● **Brief**
Which lines run from the one with "Laurel Rectangle Non-Rx" through the end of the data? Retype them exactly, without pictures.

● **Data**
"""

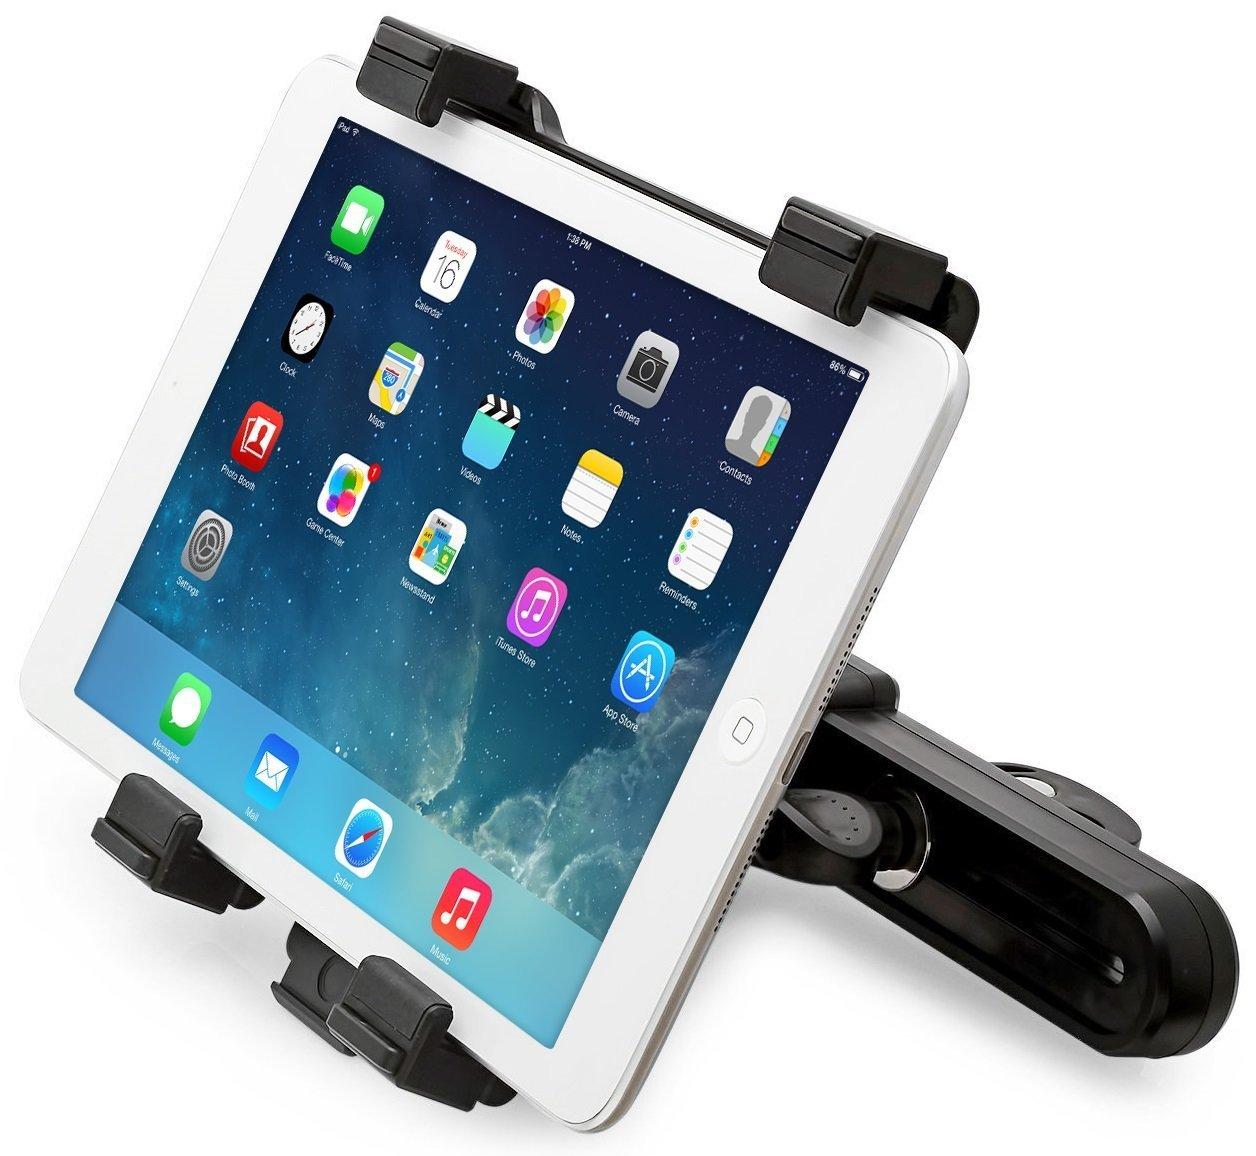 Universal Car Headrest Mount Holder for iPad, iPad Air, iPad Mini, Samsung Galaxy Tab, Kindle fire HDX and 7-10 inch Tablets, 360 Degree Rotation by KonzTec CAK-CHMH01
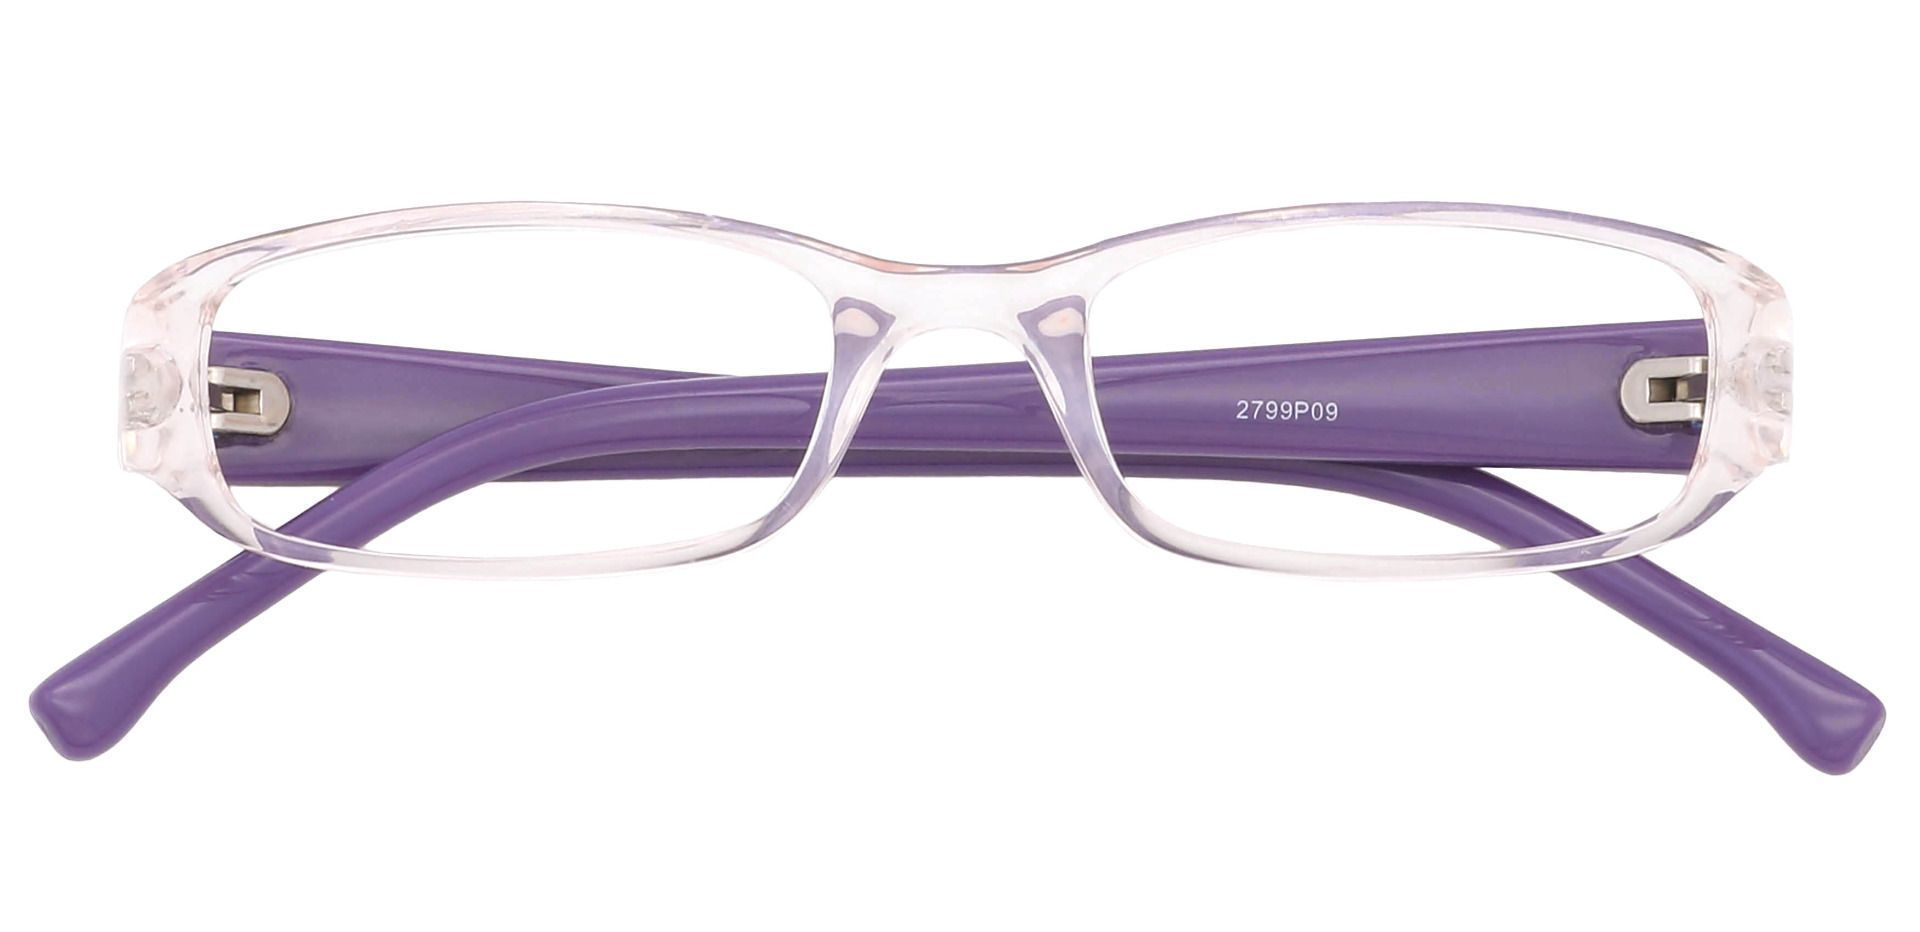 Laurel Rectangle Non-Rx Glasses - Pale Pink Crystal
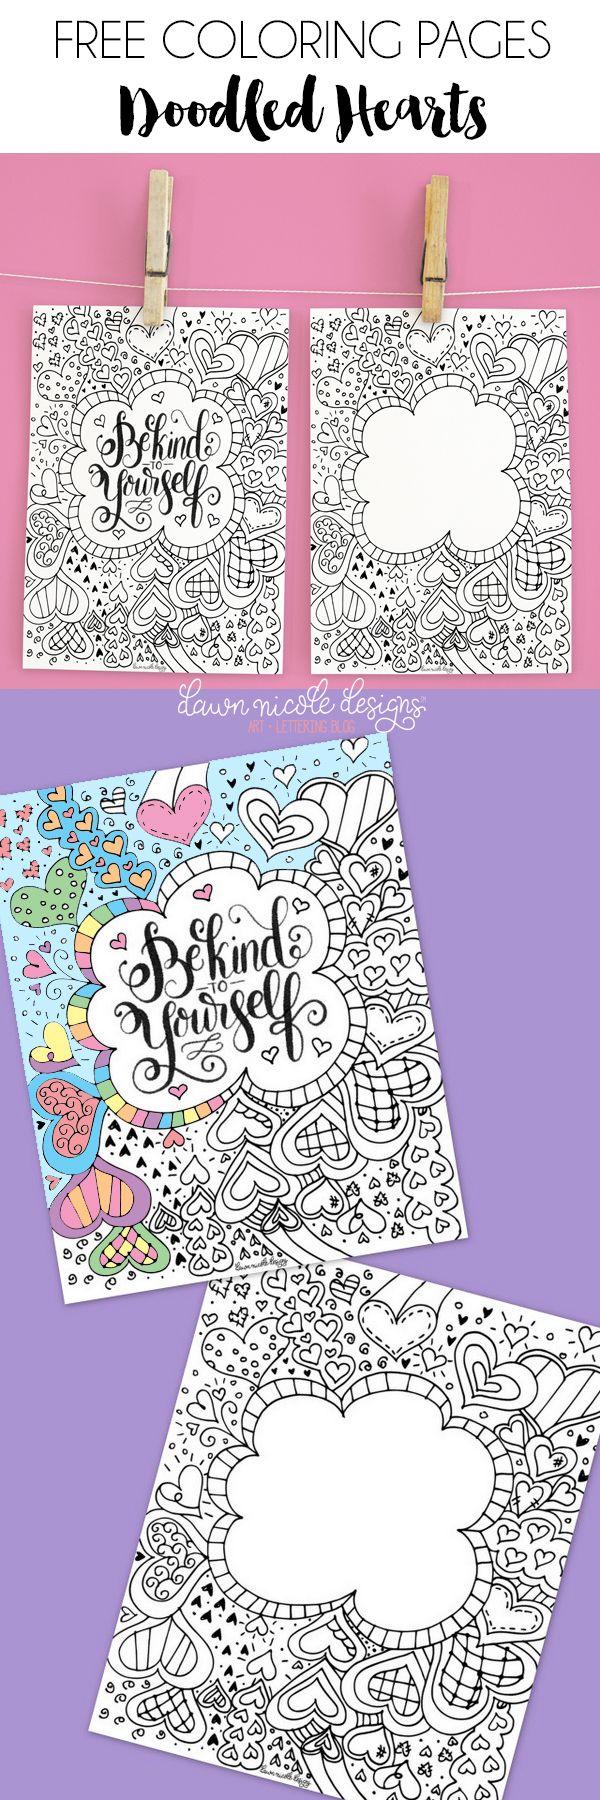 Doodled Hearts Free Coloring Pages | Mandalas, Colorear y Dibujo
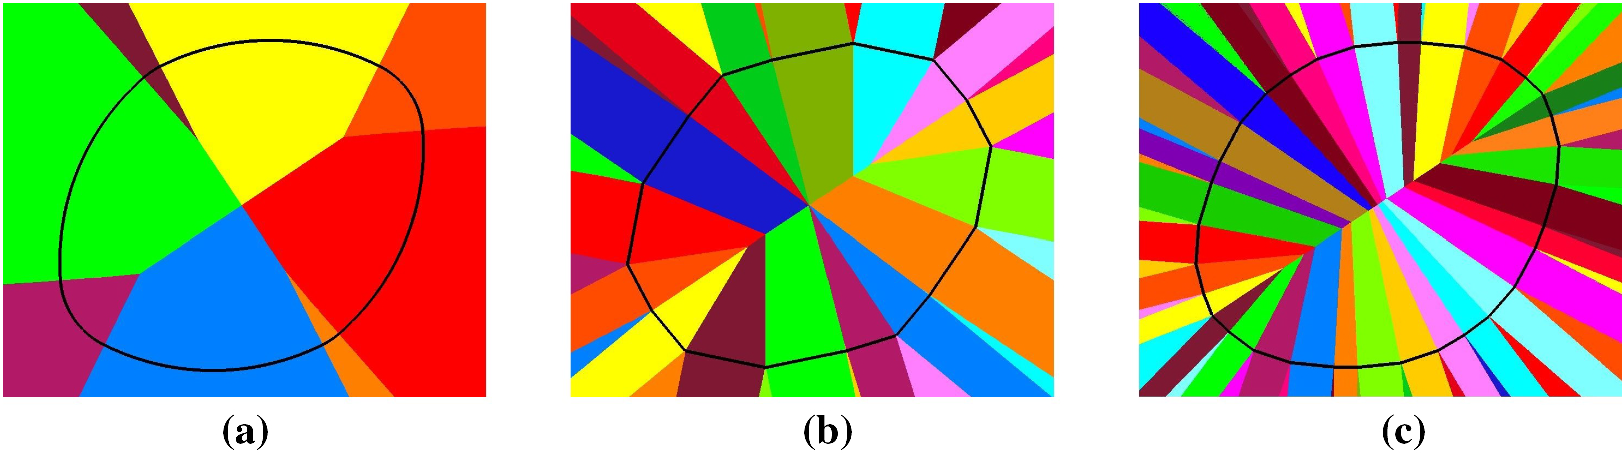 Minkowski sum computation for planar freeform geometric

"""

● **Response below**
 Laurel Rectangle Non-Rx Glasses - Pale Pink Crystal
 Doodled Hearts Free Coloring Pages | Mandalas, Colorear y Dibujo
 Minkowski sum computation for planar freeform geometric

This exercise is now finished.